ACLU Calls Broadband Regs First Amendment Issue


WASHINGTON — Claiming cable high-speed Internet systems are being built to “block content,” the American Civil Liberties Union (ACLU) today launched a campaign to redefine the issues involving the deployment of broadband as the “key First Amendment issue of the 21st Century.”


Teaming with the Center for Digital Democracy (CDD) and the Consumer Federation of America (CFA), the ACLU issued a study, a white paper and a verbal broadside to the cable industry in a mid-morning press conference.


ACLU Associate Director Barry Steinhardt said his group decided to focus on the cable broadband business since it is the dominant provider of high-speed Internet access to residential and small business customers and, unlike telephone companies, it is not required to share lines with independent service providers (ISPs). The ACLU wants the rules changed to force cable companies to provide their broadband consumers with multiple ISP choices.


Steinhardt said his group was prepared to pursue the matter of open access on cable systems on the regulatory level, in Congress and in the courts. Steinhardt, Jeffrey Chester, executive director of the CDD and Dr. Mark Cooper, research director of the CFA, were scheduled to meet with Federal Communications Commission (FCC) Chairman Michael Powell Wednesday afternoon to present the ACLU study, Technological Analysis of Open Access and Cable Television Systems.
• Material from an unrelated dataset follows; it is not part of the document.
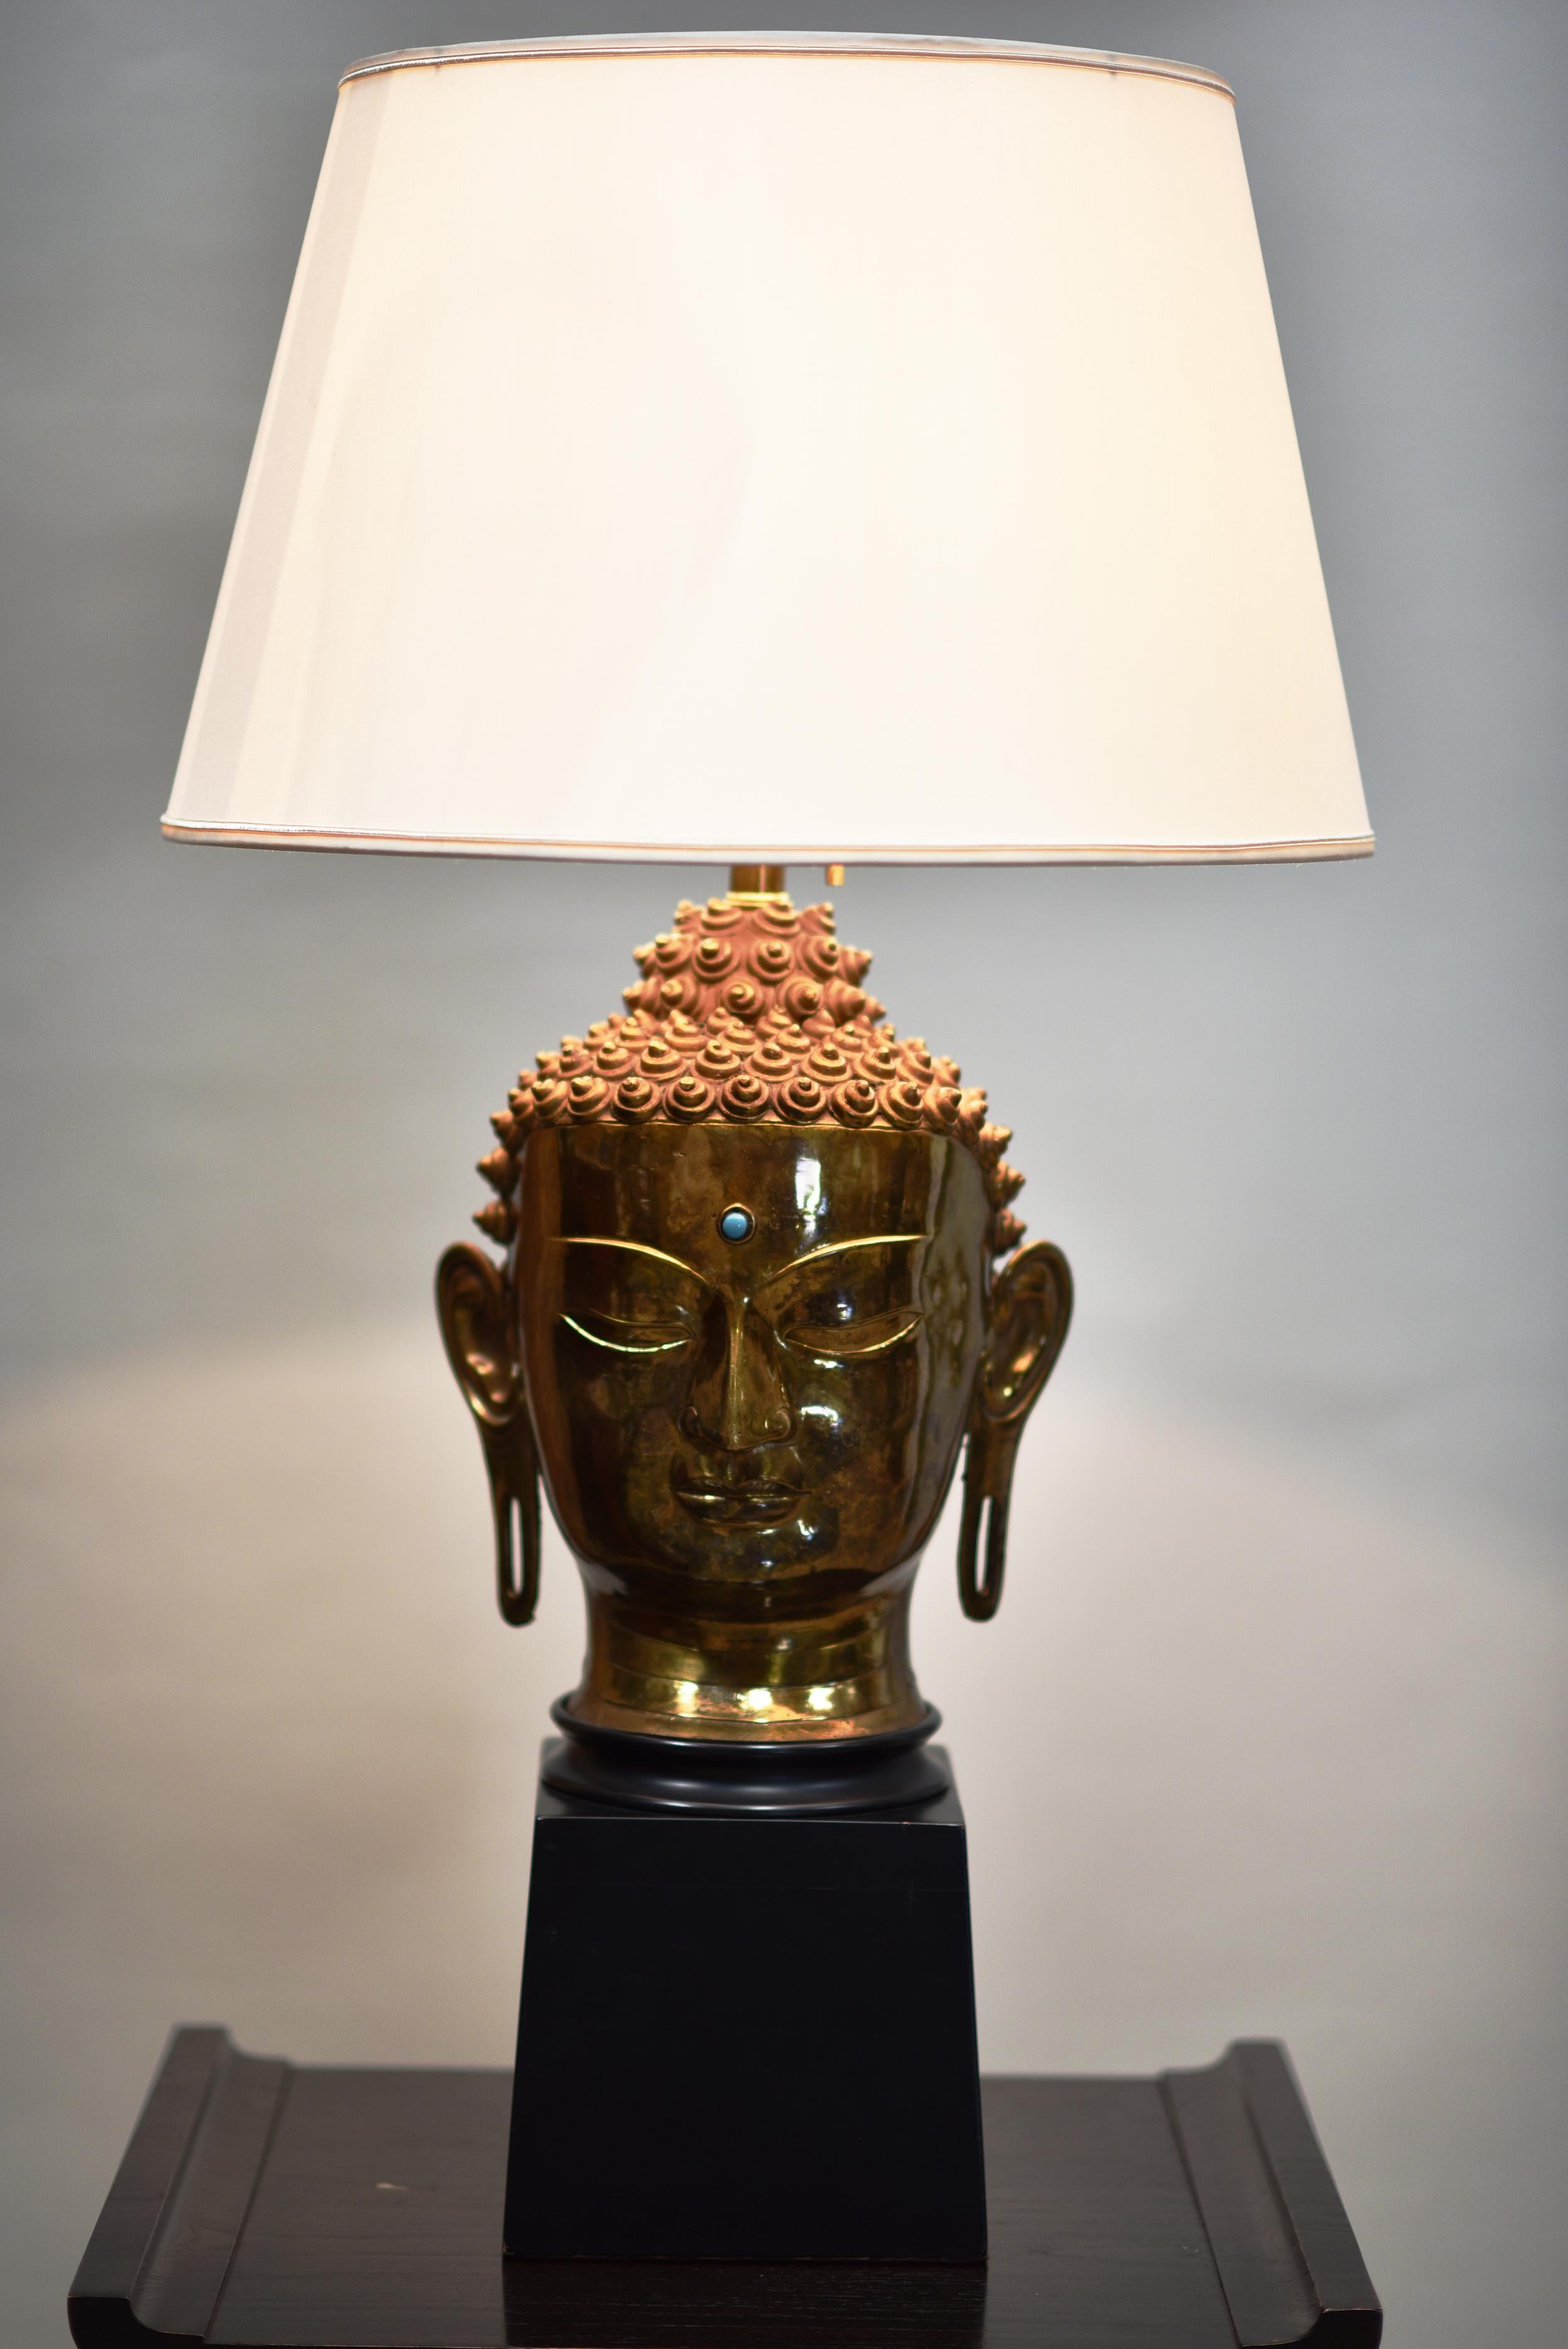 L'artiste et le fabricant sont inconnus. Il s'agit d'une magnifique lampe de tête hindoue en laiton et en bois avec des marques distinctives dans la coiffe et les ornements avec un Jewell au centre de la tête du bouddha.

“The danger is the Internet will come under private control. Core American liberties such as freedom of speech are of no value if the forums where such rights are commonly exercised are not themselves free,” the ACLU white paper states. “That is why the ACLU has a keen interest in the continued openness and vitality of the Internet as a medium of free expression.”


According to Steinhardt, the Internet was able to exponentially grow as a dial-up service over the last decade because there has been no centralized control over how the network is used, and the Internet serves as a neutral, nondiscriminatory pipe that automatically carries data from origin to destination “without prejudice or interference.” For most of the last decade that pipeline was the telephone system that, by law, is required to provide multiple ISPs access to that system.


The rise of broadband — and the subsequent popular notion by Washington politicians that the widespread deployment of broadband will serve as an economic panacea — has sparked a series of proposed laws and regulations that would put primary control of that pipeline in the hands of regional telephone companies and cable giants.


An FCC ruling set forth in February, many say, which labeled ISPs an “information service with a telecommunications component,” opened the door to new line-sharing and cable competition rulings later in the year.


As a result, many local and regional digital subscriber line (DSL) providers are going out of business, while cable is exempted from even opening its network up to the competition.


The ACLU report says, “a company providing Internet access over a cable system has many opportunities for interfering with online activities, often in ways that are invisible to their customers. In fact, much like the administrator of an office LAN, they have the potential for an all-seeing, all-controlling power over the activities of customers on their networks. Cable providers are under no obligation to remain a neutral pipe for content over an end-to-end — and have many incentives for interfering with that pipe.”


The report also claims cable companies have the power to control the fundamentals of a customer’s Internet connections, including dictating the number of computers that a customer connects to the cable modem through a home network; can block their customers from using particular applications, such as video conferencing, Internet telephony and virtual private networks; and can control content by slowing or blocking access to certain sites on the Internet, such as those without financial arrangements with the cable company’s ISP.


“In short, cable broadband providers have both the financial incentive and the technological capability to interfere with the Internet as a free and neutral medium for the exchange of information,” the report states.